Flowcharts for the library with Lucidchart

Lucidchart (lucidchart.com) is a free or paid visualization program that makes it easy to produce flowcharts, mindmaps, diagrams, and other kinds of visual aids.


It allows SSO with Gmail accounts and integrates well with Google Drive and Google Classroom so it can become a seamless part of many school libraries. I started using it with my computer science classes this year because flowcharting is a part of our curriculum, but hadn’t really thought more broadly about the library applications until this week. I observed the library of a colleague who uses Lucidchart for several different kinds of visualizations in the library. So, I want to pass this great tool on to you as well. 


Here are a few ideas for using Lucidchart to help integrate more visual communication into your library program.

  • Visually diagramming procedures and processesExplain technology checkout and return procedures
    • Provide an organization chart to faculty and students so they know the best person to contact for various services (circulation, book recommendations,  printer questions, copier breakdowns, technology use questions, etc)
    • Create maps of things like shelving or book processing for training volunteers, student helpers, or new employees
  • Helping students brainstorm or think through complex problems
    • Use as a great early step in the research process
    • Design algorithms for computer science or makerspace activities
  • Integrate into library instruction
    • Make a flowchart to explain the cyclical and sometimes simultaneous nature of the research process
    • Visualize the thought-process for evaluating sources
    • Revise a text-heavy handout to include more visuals


I’m still in the early stages of integrating Lucidchart into my program, but here are a few examples you might find helpful as you get started.
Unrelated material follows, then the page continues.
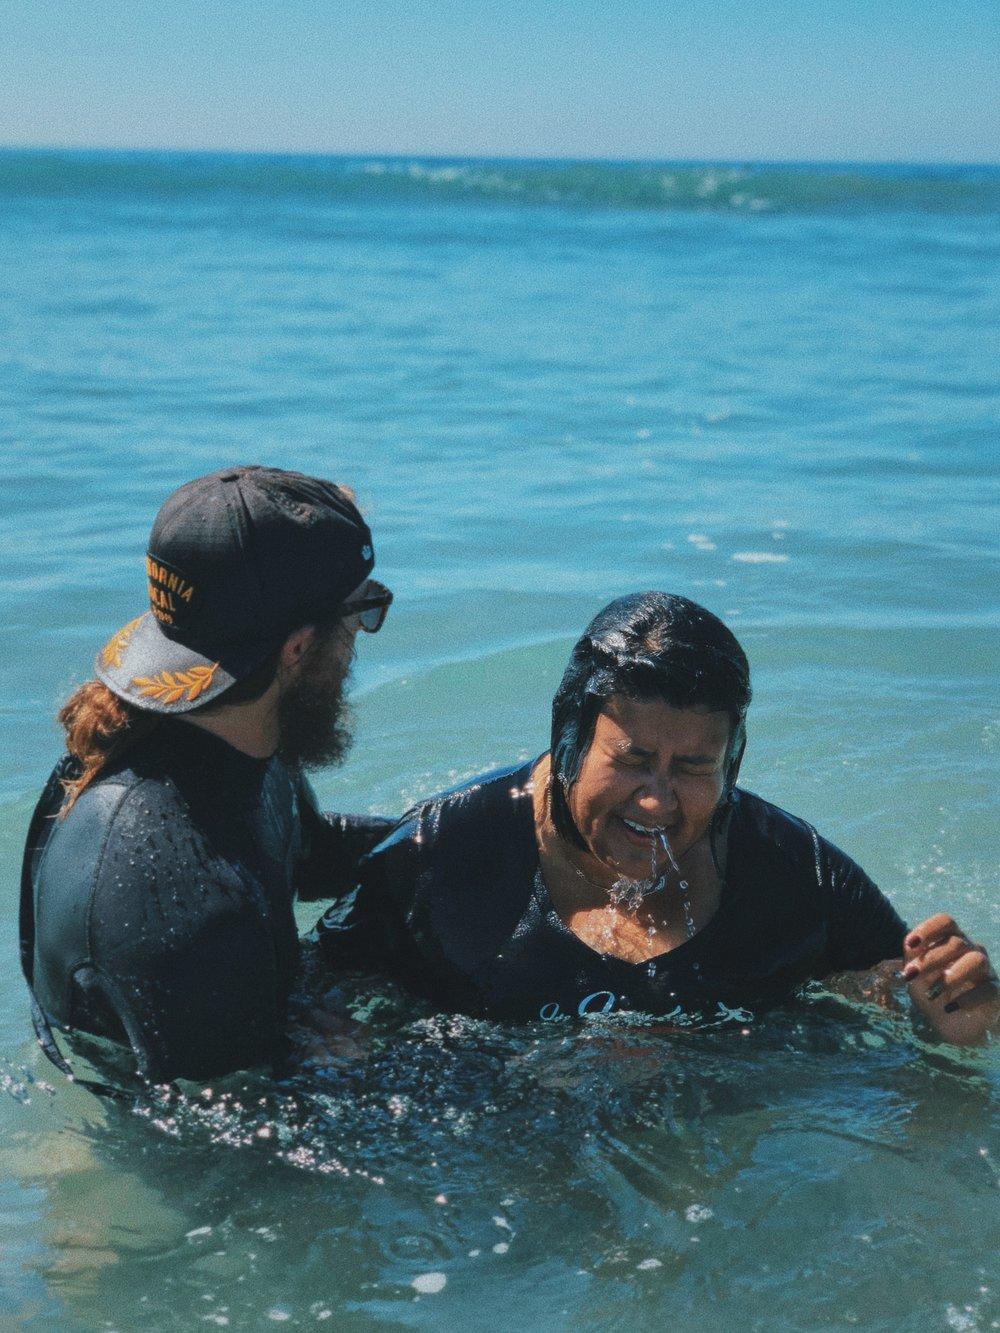 malibu-beach-baptism-mission-hills-christian-church-4.jpg
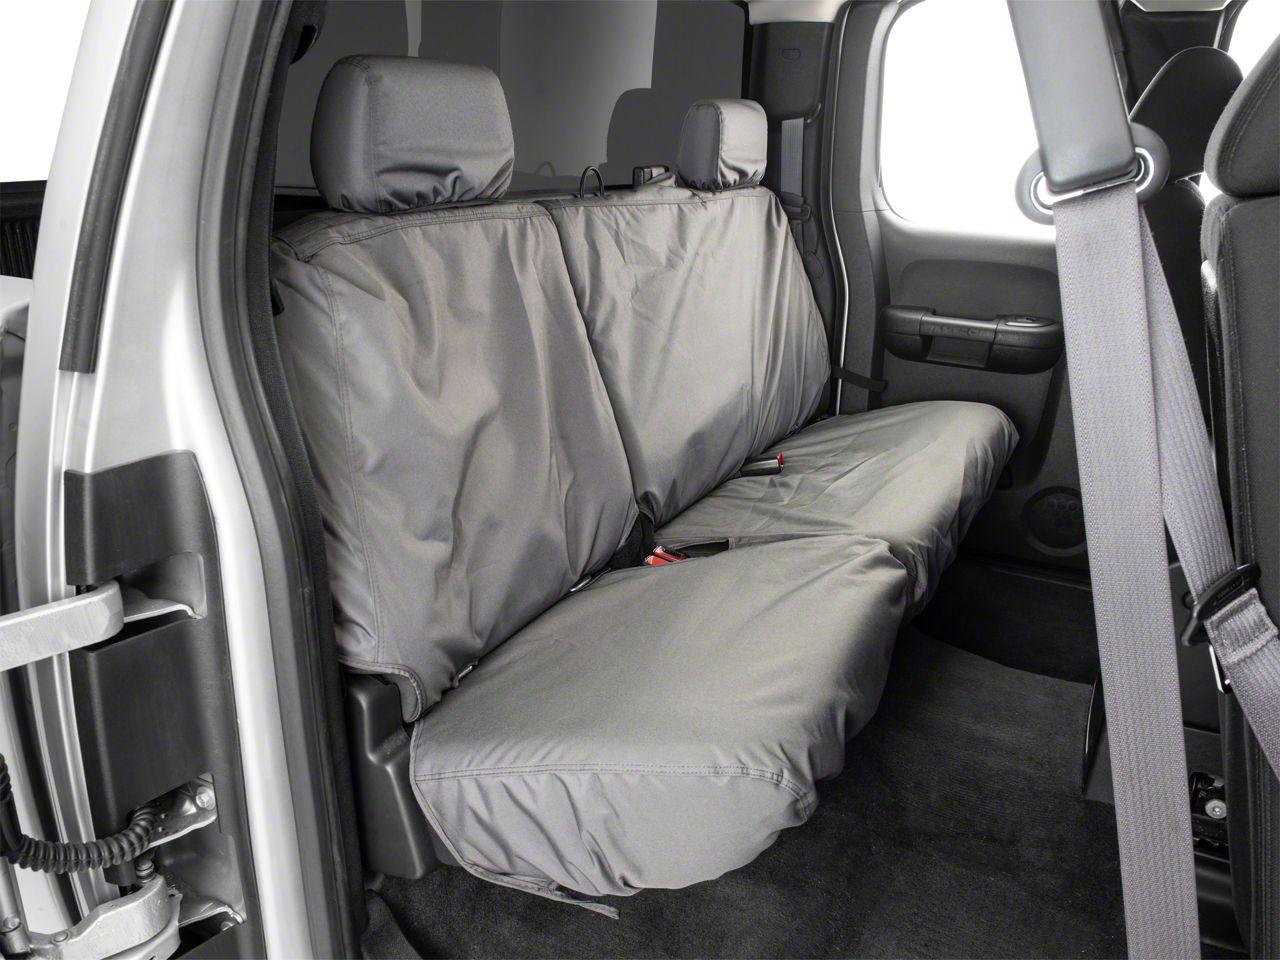 Covercraft SeatSaver Waterproof Second Row Seat Cover - Gray (07-13 Silverado 1500 Extended Cab, Crew Cab)

  • Where can I get a laptop? 
    • This is an internal flowchart (for now) at my school that will help us simplify and adjust our laptop deployment procedures. Right now, they are very complicated! Visualizing the complexity is helping us realize just what we need to change, and should help us visually justify the changes to stakeholders. 
  • Number guessing game 
    • This is a computer science example (in progress) where a student is mapping out the algorithm for programming a random number guessing game before using a visual programming language to write the code. 
  • Research process
    • Full disclosure — This is a work in progress. I haven’t deployed it with students yet, but I’m so excited to try it out! I’m hoping to showcase the more iterative side of the research process.